There’s no reason to be the richest man in the cemetery. You can’t do any business from there. — Colonel Sanders
Some of you may have read my recent research paper on declining life expectancy, and may therefore be inclined to file this Absolute Return Letter without further ado. Before you do so, beware that I have made quite a few changes, following the feedback I received.
Kentucky Fried Chicken
Enjoying a KFC regularly? If you do, don’t eat too many of them. In 13 counties across the US, people can now expect to die younger than their parents did, and the eight counties with the biggest decline in life expectancy since 1980 are all in the state of Kentucky.

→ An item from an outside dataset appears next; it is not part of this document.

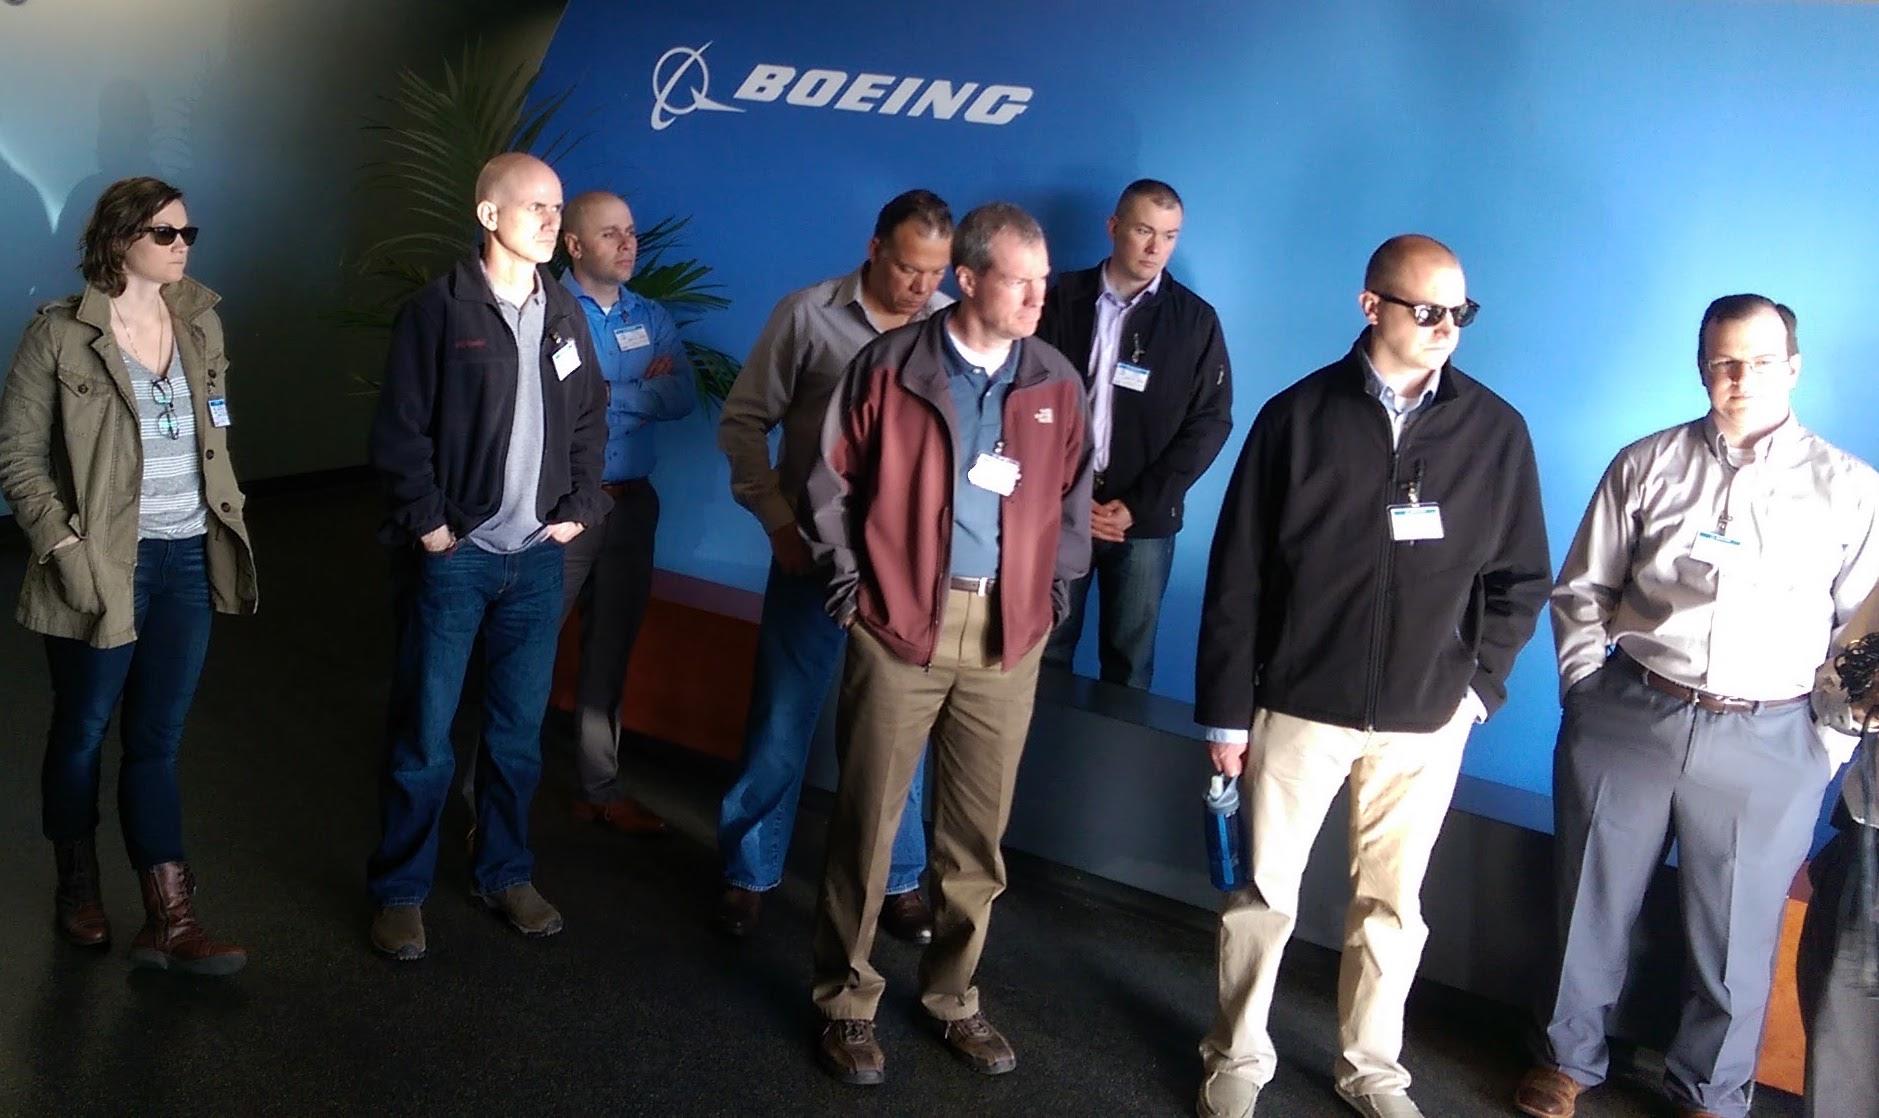 JBLM Fellows at Boeing

Before I get a lawsuit on my hands, let me point out that KFC is not to blame for this most unfortunate trend, but obesity certainly is – at least partially. Having said that, this month’s Absolute Return Letter is not about pointing fingers. I will, probably to the surprise of many and to the disgust of a few, look at various implications – mostly positive – of declining life expectancy.
Positive implications? Am I being serious now? I certainly am, but I am also being quite cynical. Hence, in the following, when I discuss the positive implications of falling life expectancy, I completely ignore the human angle. The following is entirely a macroeconomic discussion, and I hope you will forgive me for being so ‘non-humane’.
Before I start, I should thank Andy Lees of MacroStrategy Partnership, Paul Whiting of Securis and Jan Frøshaug of Trafalgar House Pension Trust for their help and advice on this rather complex topic. It is much appreciated.
‘My’ new book of investing rules
And now to a tiny bit of marketing – which I don’t do often, so please don’t yell at me. Back in May, as you may recall, I wrote an Absolute Return Letter called Investment Rules. That letter has formed a chapter in a new book called Harrriman’s New Book of Investing Rules which has just been published.
The first volume of that book came in 2001 and was a great success. The sequel, with hundreds of pages of compelling content, brings you the arguments of the very best investing minds around the globe in one unputdownable book (Harriman House’s words – not mine).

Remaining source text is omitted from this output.